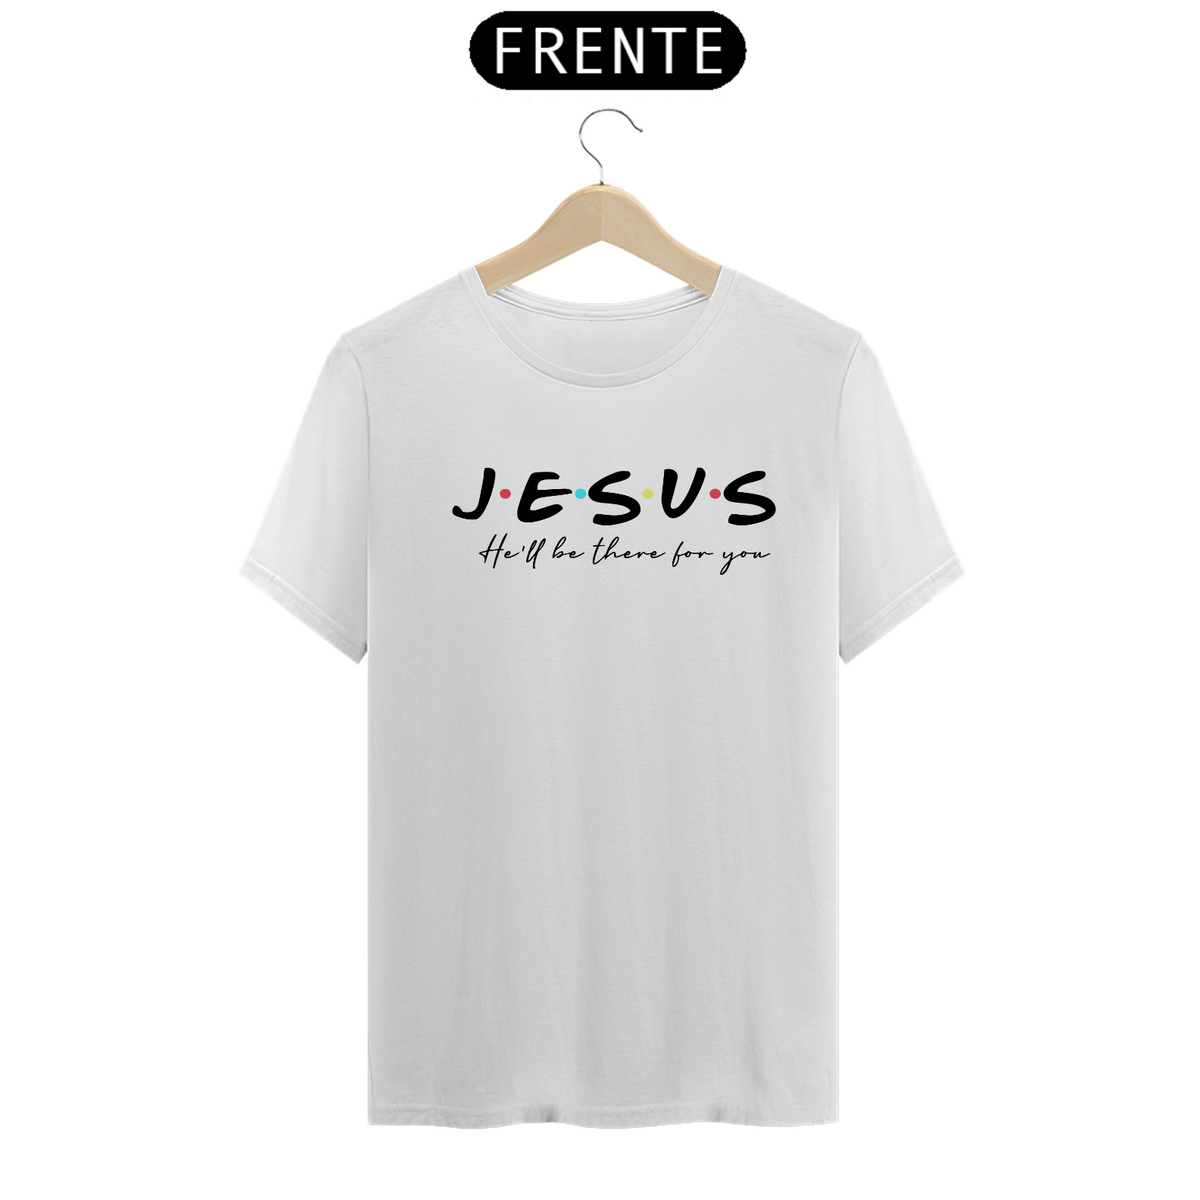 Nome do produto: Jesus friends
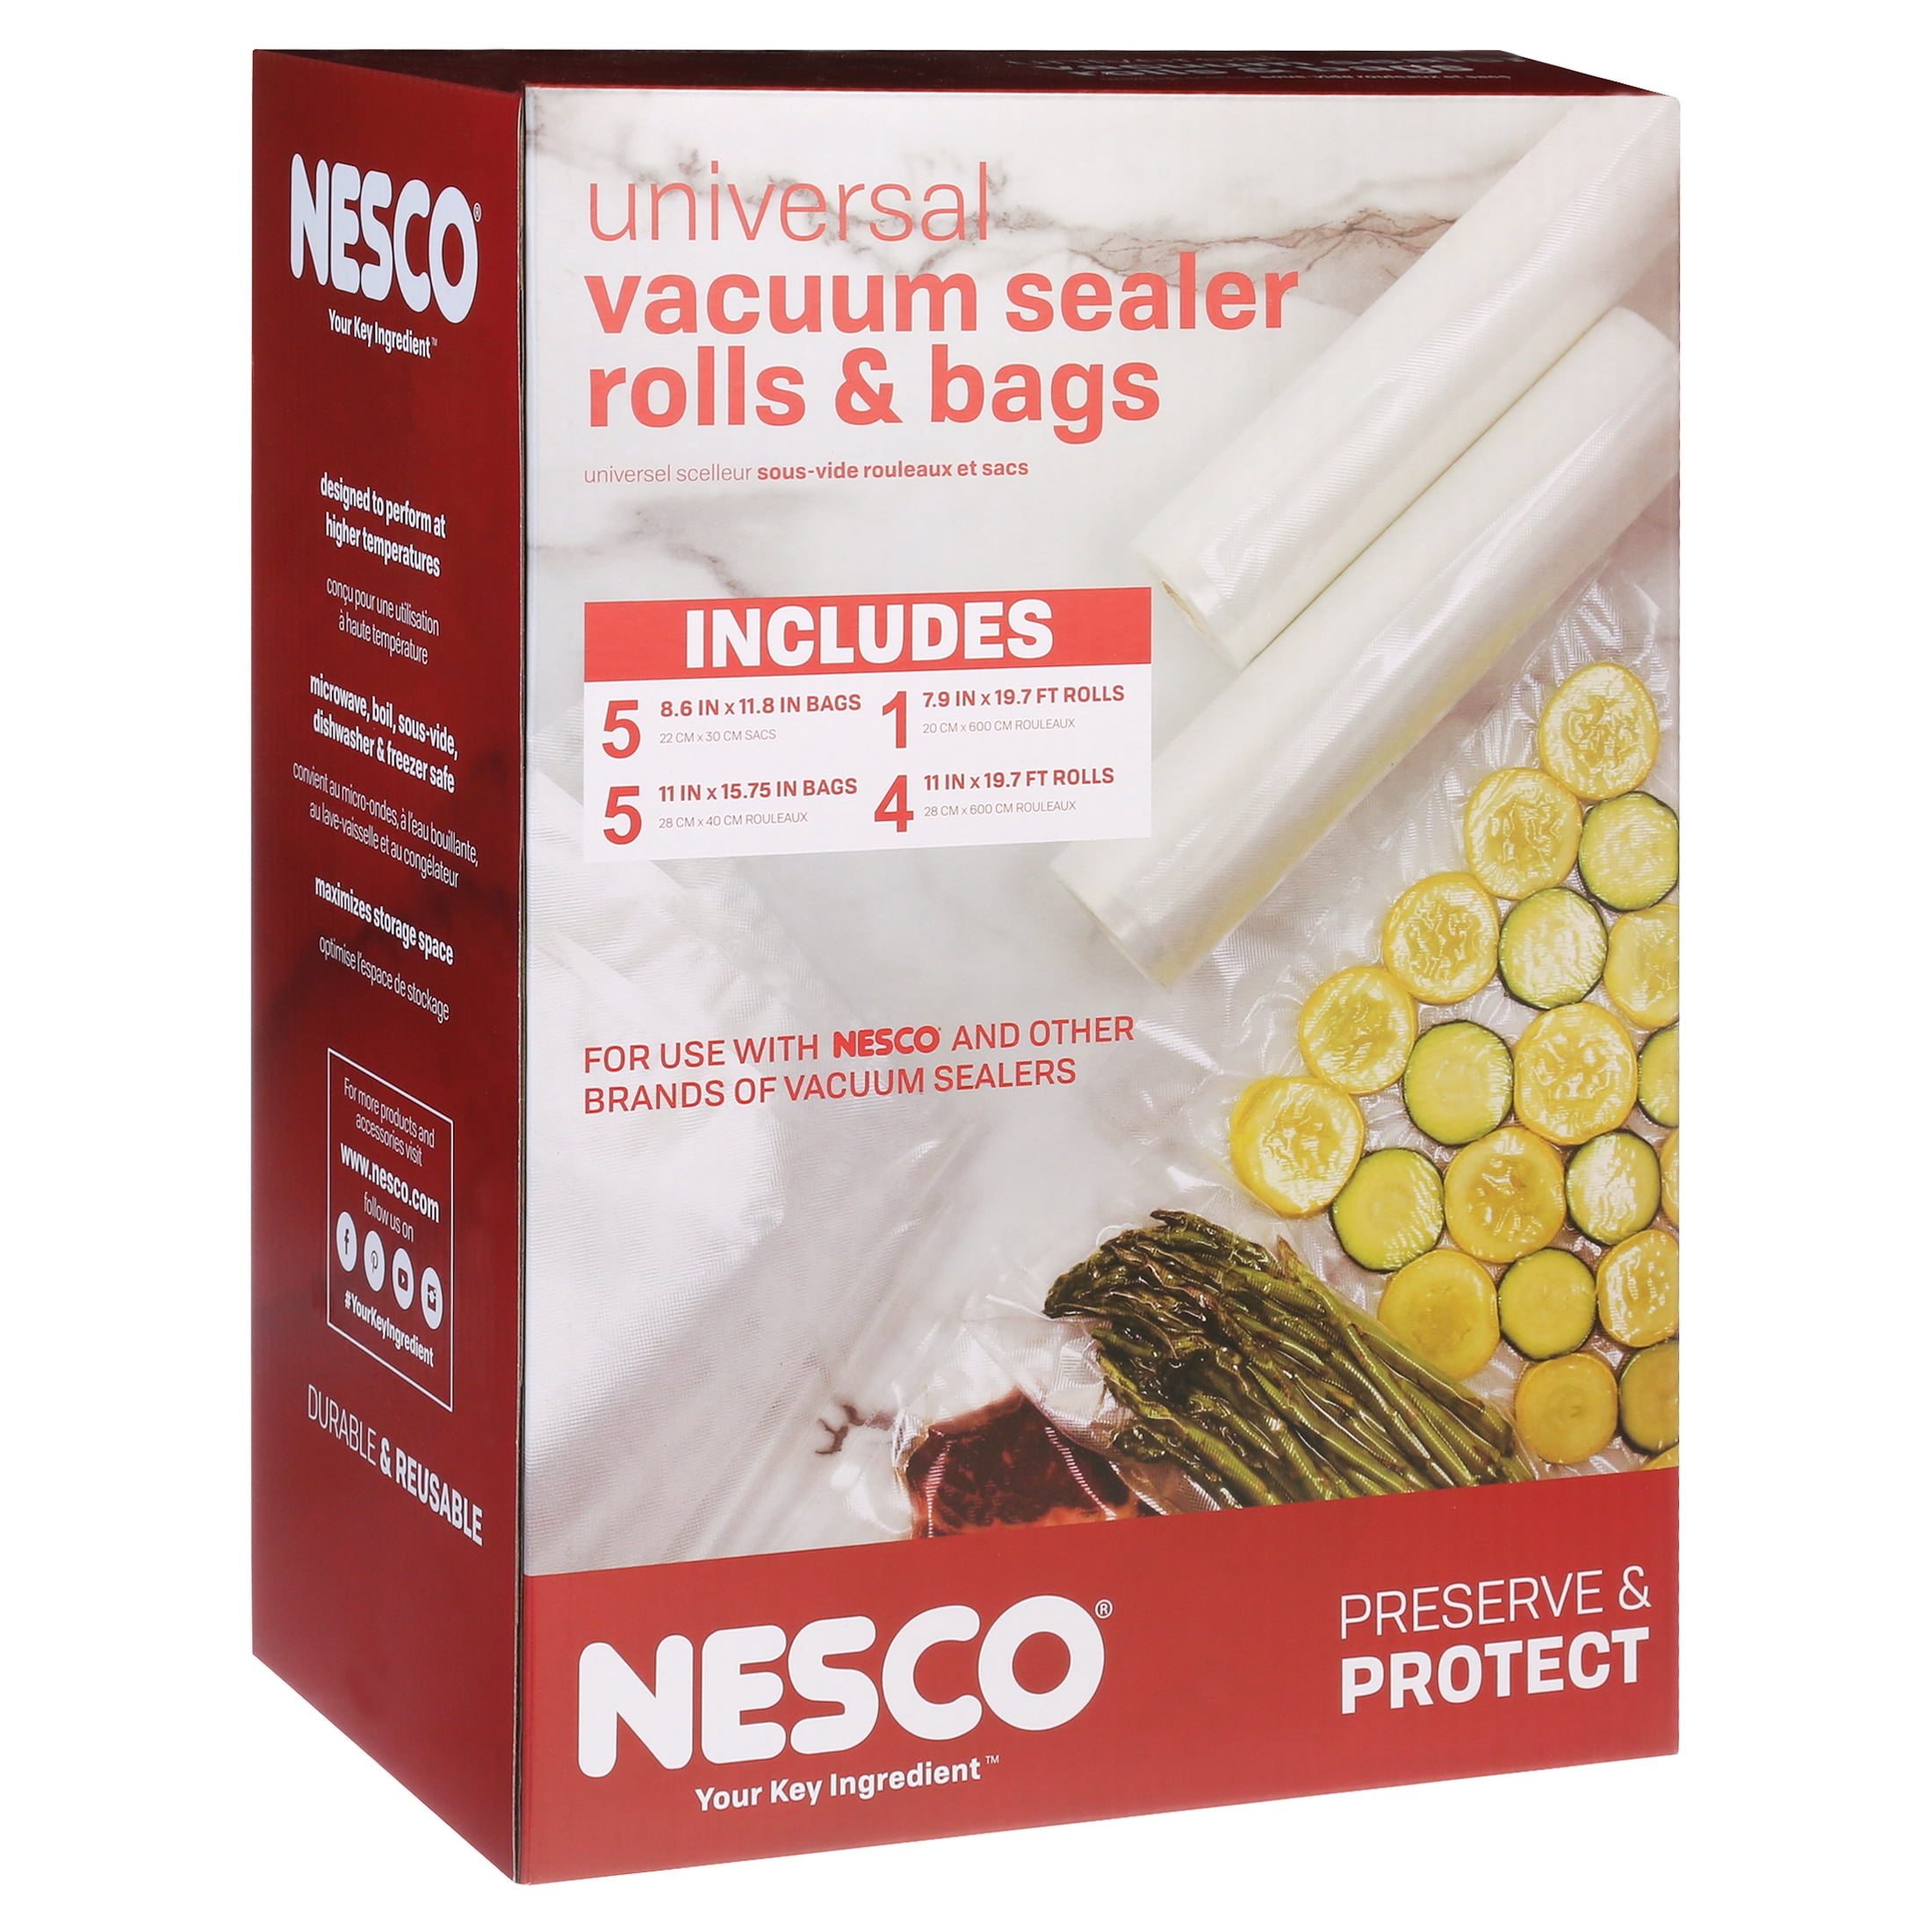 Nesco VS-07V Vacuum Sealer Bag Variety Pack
-----
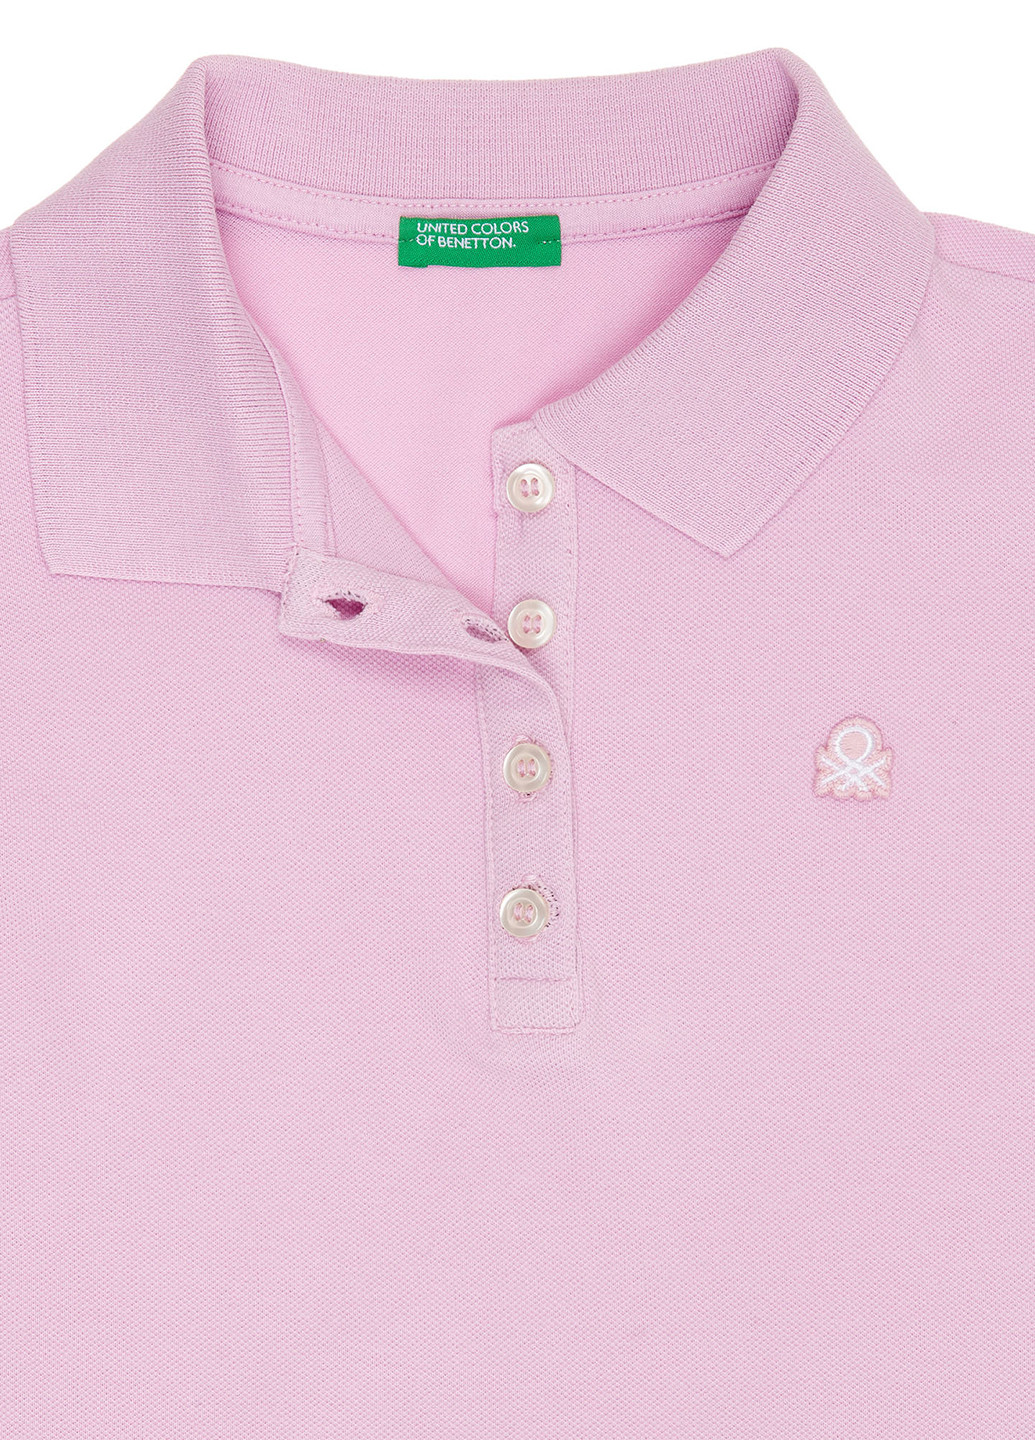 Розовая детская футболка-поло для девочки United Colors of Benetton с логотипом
-----
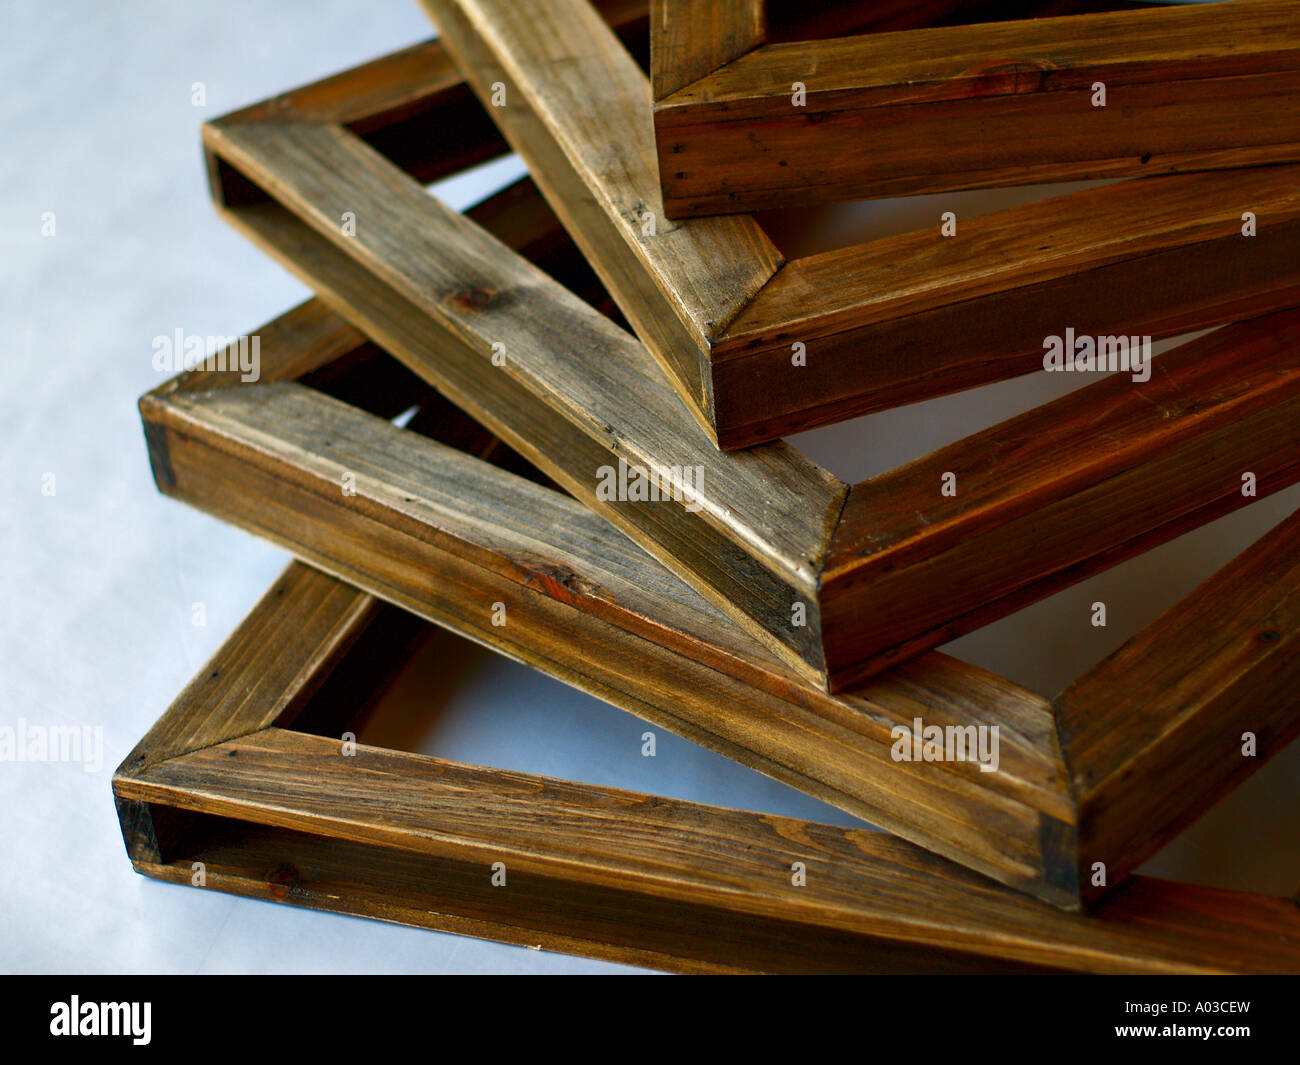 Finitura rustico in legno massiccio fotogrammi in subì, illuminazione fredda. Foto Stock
-----
■ **ASSIGNMENT**
Output only the lines above from the line that holds "Nome do produto: Jesus friends" through the line that holds "Nesco VS-07V Vacuum Sealer Bag Variety Pack", both ends included, and exclude pictures.

■ **RESULT OF THIS EXERCISE**
 Nome do produto: Jesus friends
 Nesco VS-07V Vacuum Sealer Bag Variety Pack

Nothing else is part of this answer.